I packed my wagon (a tiny Plymouth Horizon that used to belong to my Grandma Bob) to the gills with my CD collection and enough underwear to last a week. I was lovingly sent off by an extremely encouraging group of people who had probably never met a prospector. Sure, they’d seen them on TV or in the movies, but a real life dream-chasing gold-digger? Probably not one. I know I hadn’t. I had no role models.

It wasn’t long after I arrived in Nashville I learned that finding opportunities in the music biz is a bit like panning for gold. You can fill your pan up with all kinds of sand and rocks, sifting through it all with a fine-toothed comb, hoping that one little fleck of something shiny might emerge. After a long while of finding nothing of value, it’s easy to begin wondering if the problem is actually me and not simply that I’m looking for gold in an already scoured riverbed.

Did the empty-handed forty-niners who left California realize the randomness of finding the gold, or did they possibly think there was something inherently wrong with them? I’m not saying that's how I felt. But it was.

Without any prospects, I basically had to constantly sniff around, turning over all kinds of stones, looking for opportunities. Or friends. I found out early enough that you had to pick one or the other.

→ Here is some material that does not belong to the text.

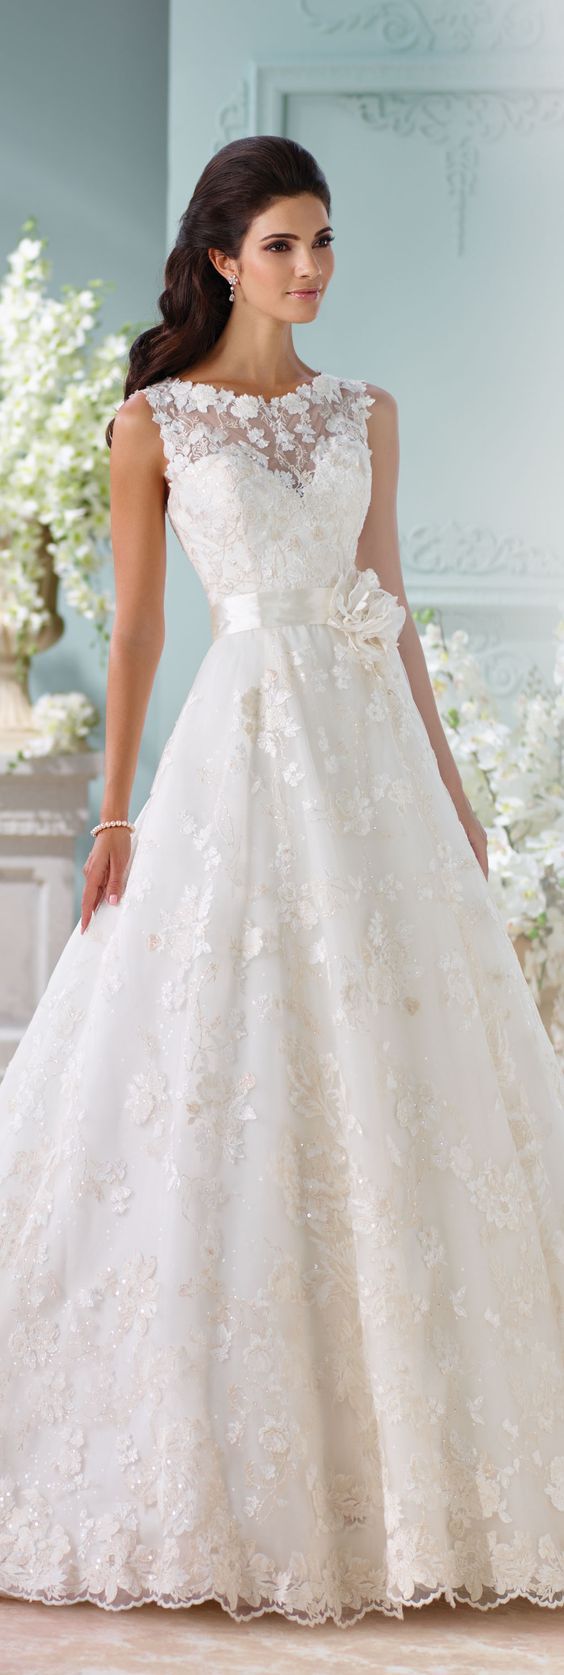 Hochzeit - Wedding Dress With Lace Back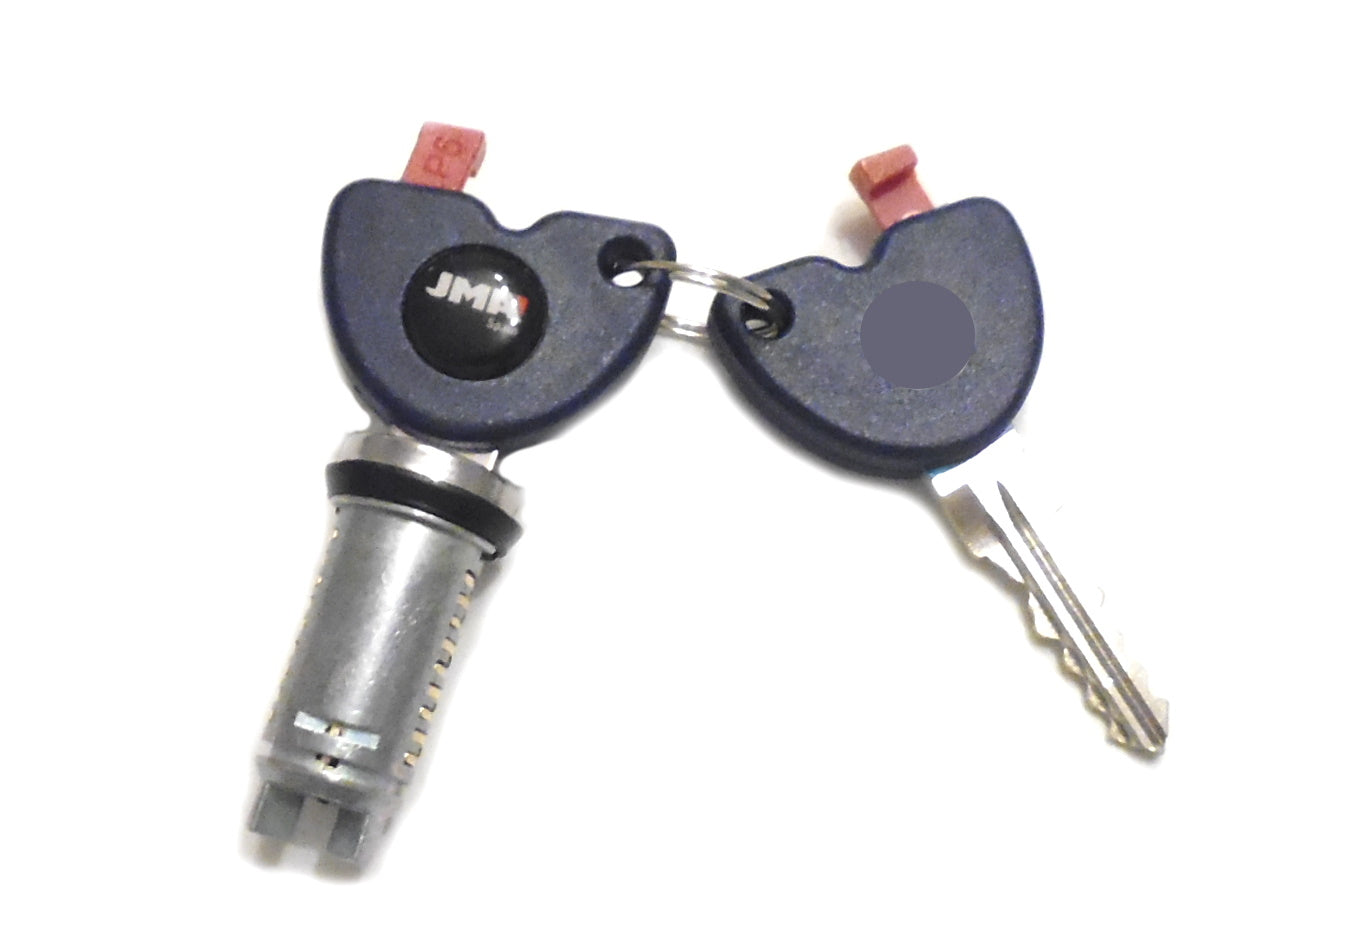 Vespa GTS Keys, With Chip Holder. Lockset and Ignition keys for GTS / GTV / GT

There was one guy I had met early on in my time here in Nashville who was a considerably successful songwriter and was part of a group that was doing pretty well on the charts. We hit it off as friends and started hanging out. I met his wife and kids—it was that level of hanging out.

One day as we were driving somewhere he told me, “Mark, I don’t think I can be friends with you. You don’t fit into the business side of my life, or the family side of my life.”

Sure, he was busy, and was probably just trying to create margin in his life. But I was floored. It wasn’t enough that we enjoyed each other’s company, and experienced a unique interpersonal connection. I just didn’t fit into his purpose-driven realm of relational possibilities. I’ve experienced rejection before, but never for such awkwardly verbalized, heart-blocked reasons.

Someone wise once told me, “Friendship in Nashville—don’t take it personally.”

I’ve held onto that gold nugget of wisdom for years.